Now $R$ and $U_\Sigma$ are distinguished by the predicate $\sum_{i=1}^k f_i(x) \geq tk$, which is just a linear threshold function applied to a small set of functions from $F$, as promised.

Actually I have skipped an important step: outside of the exceptional set, $\sum_i f_i(x)/k$ is going to be close to $\bar f(x)$ but not identical, and this could lead to problems. For example, in (3) $\bar f(R)$ might typically be larger than $t$ only by a tiny amount, and $\sum_i f_i(x)/k$ might consistently underestimate $\bar f$ in $R$. If so, $Pr [ \sum_{i=1}^k f_i(R) \geq tk ]$ could be a completely different quantity from $Pr [\bar f(R)\geq t]$.

To remedy this problem, we note that, from (1), we can also derive the more "robust" distinguishing statement
(2') $Pr[\bar f(D)\geq t+\epsilon/2] - Pr[\bar f(U_S) \geq t] >\epsilon/2$
from which we get
(3') $Pr[\bar f(R)\geq t+\epsilon/2] - Pr[\bar f(U_\Sigma) \geq t] >\delta \epsilon/2 $

And now we can be confident that even replacing $\bar f$ with an approximation we still get a distinguisher.

The statement needed in number-theoretic applications is stronger in a couple of ways. One is that we would like $F$ to contain bounded functions $f:\Sigma \rightarrow [0,1]$ rather than boolean-valued functions. Looking back at our proof, this makes no difference. The other is that we would like $h(x)$ to be a function of the form $h(x) = \Pi_{i=1}^k f_i(x)$ rather than a general composition of functions $f_i$. This we can achieve by approximating a threshold function by a polynomial of degree $poly(1/\epsilon,1/\delta)$ using the Weierstrass theorem, and then choose the most distinguishing monomial. This gives a proof of the following statement, which is equivalent to Theorem 7.1 in the Tao-Ziegler paper.


Theorem (Green-Tao-Ziegler, General Case)
Let $\Sigma$ be a finite set, $F$ be a class of functions $f:\Sigma \to [0,1]$, $R$ be a distribution over $\Sigma$, $D$ be a $\delta$-dense distribution in $R$, $\epsilon>0$ be given.

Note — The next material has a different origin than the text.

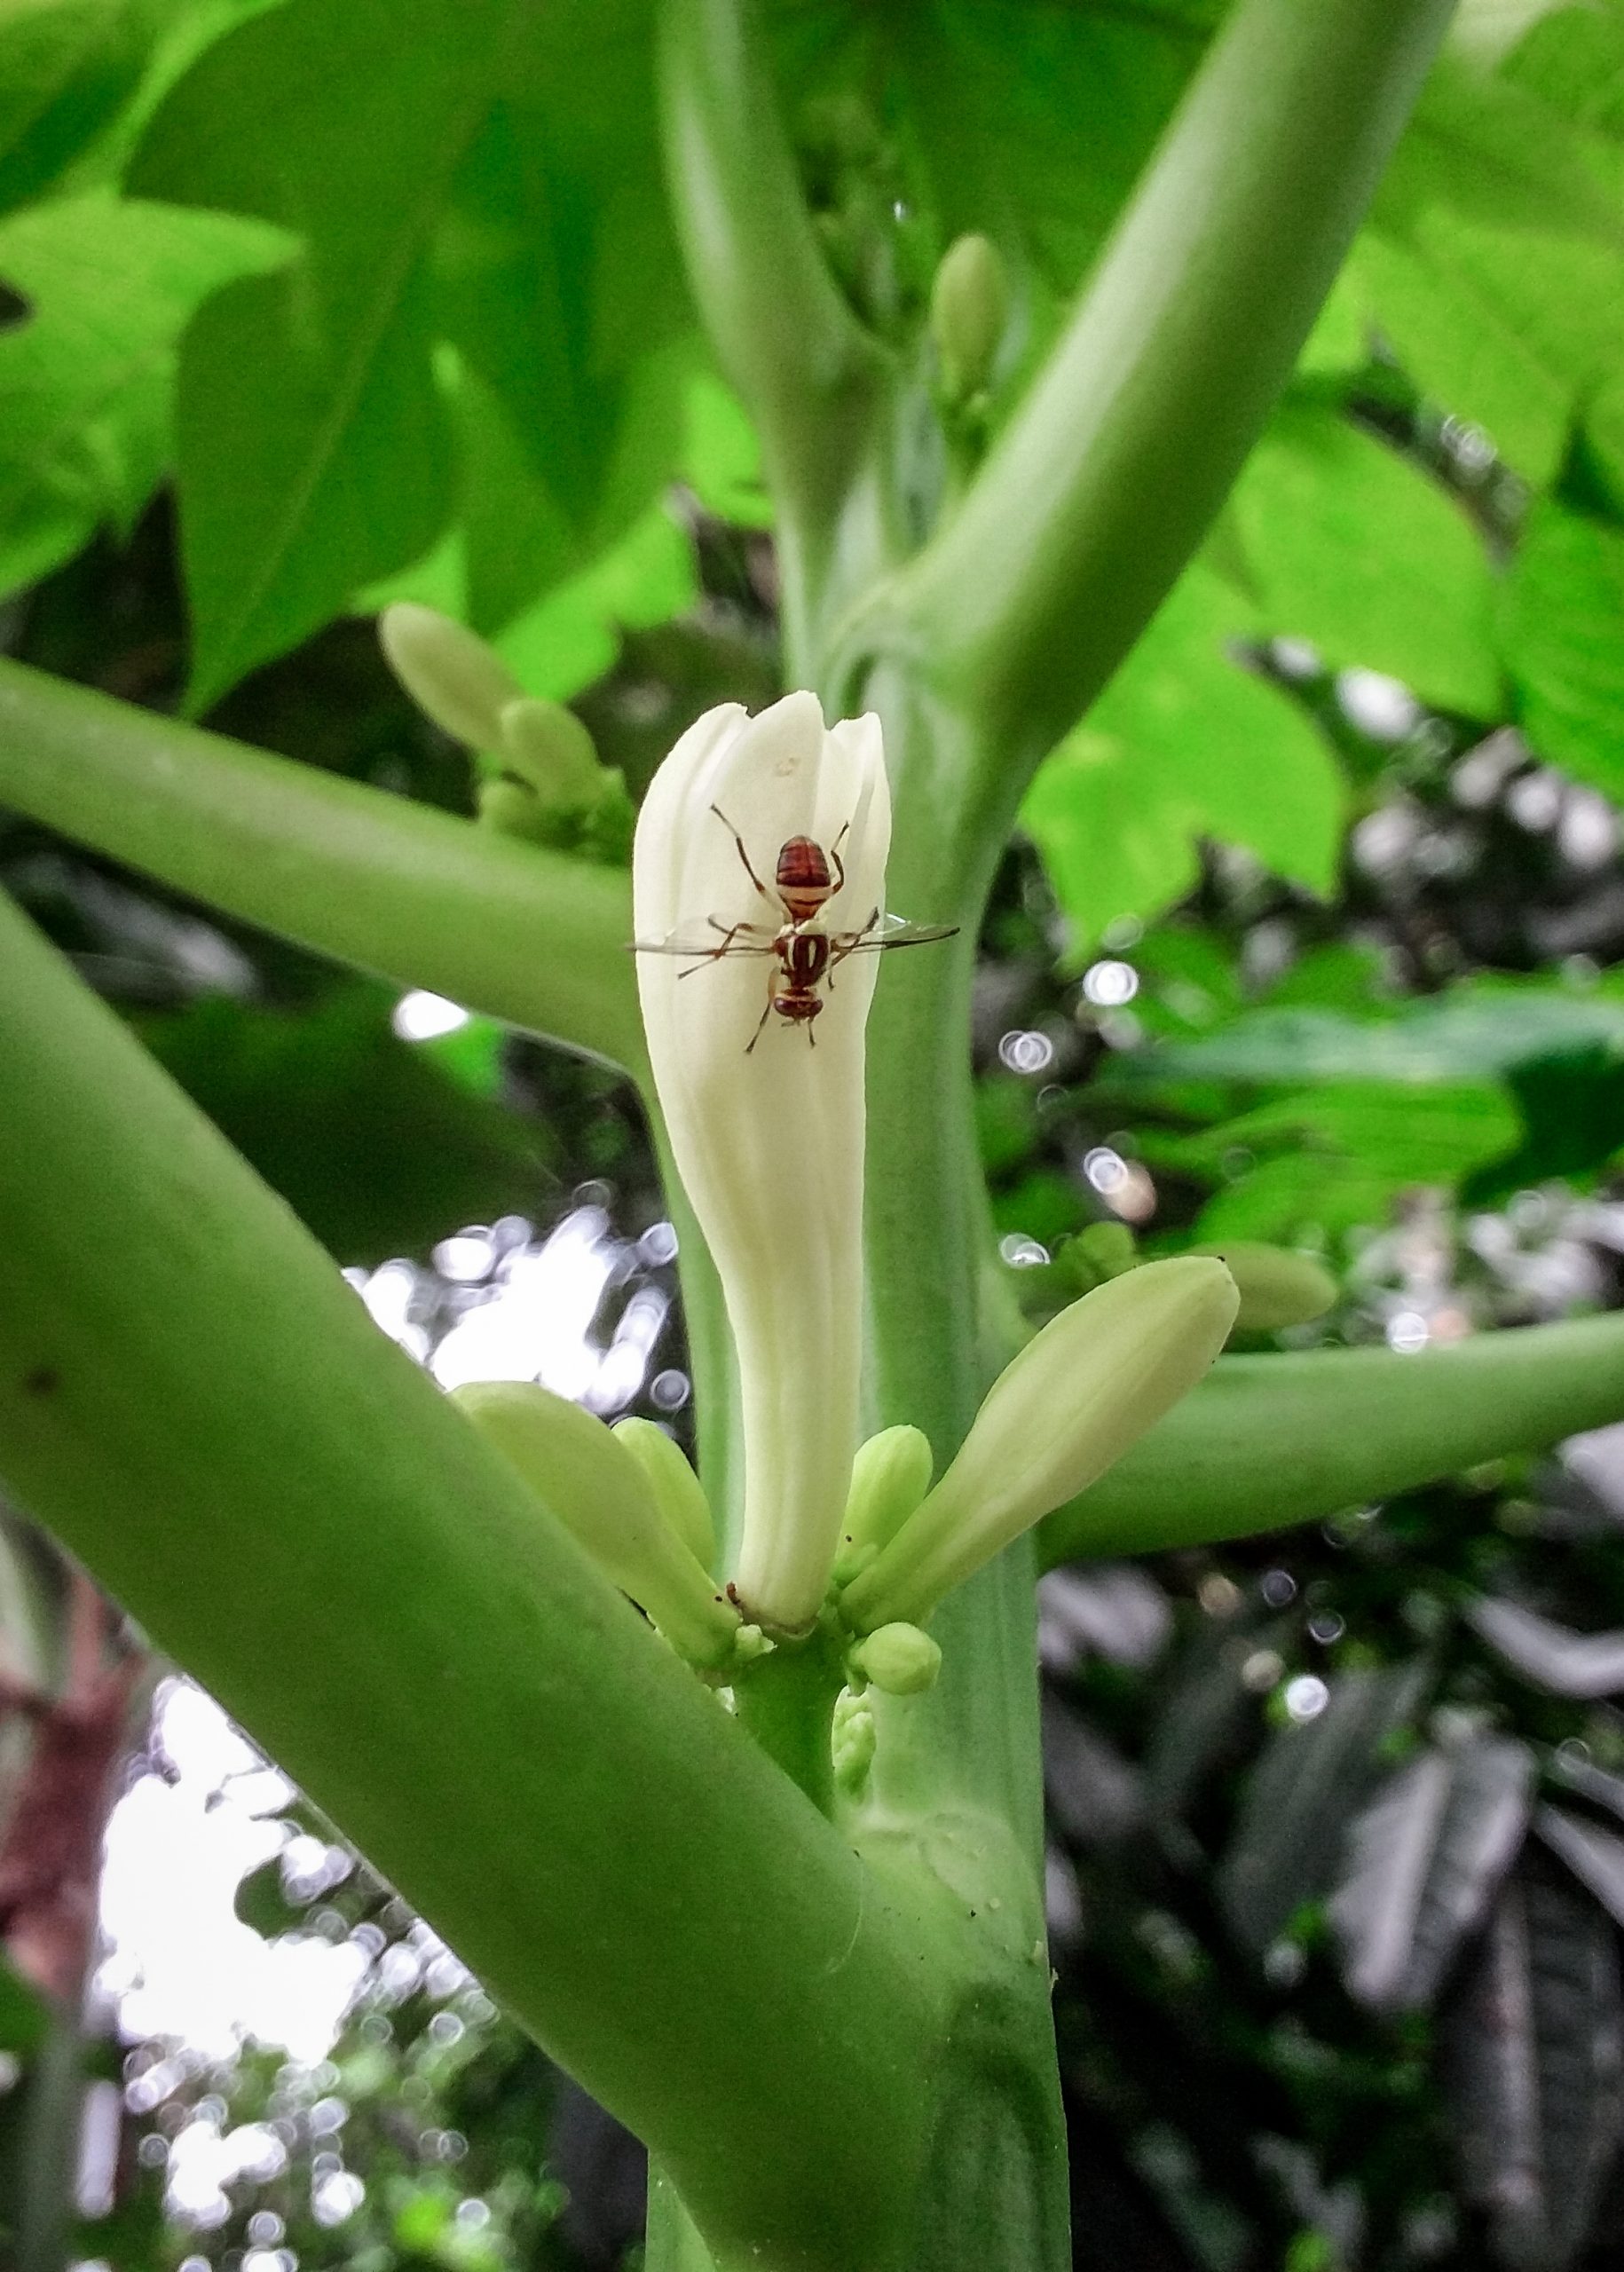 An insect on a flower bud

Suppose that for every $M$ that is $\delta$-dense in $U_\Sigma$ there is an $f\in F$ such that
$| Pr[f(D)=1] - Pr[f(M)] = 1| >\epsilon$

Then there is a function $h:\Sigma \rightarrow \{0,1\}$ of the form $h(x) = \Pi_{i=1}^k f_i(x)$ where $k = poly(1/\epsilon,1/\delta)$ and $f_i \in F$ such that
$| Pr [f(R)=1] - Pr [ f(U_\Sigma) =1] | > exp(-poly(1/\epsilon,1/\delta))$

In this case, we too lose an exponential factor. Our proof, however, has some interest even in the number-theoretic setting because it is somewhat simpler than and genuinely different from the original one.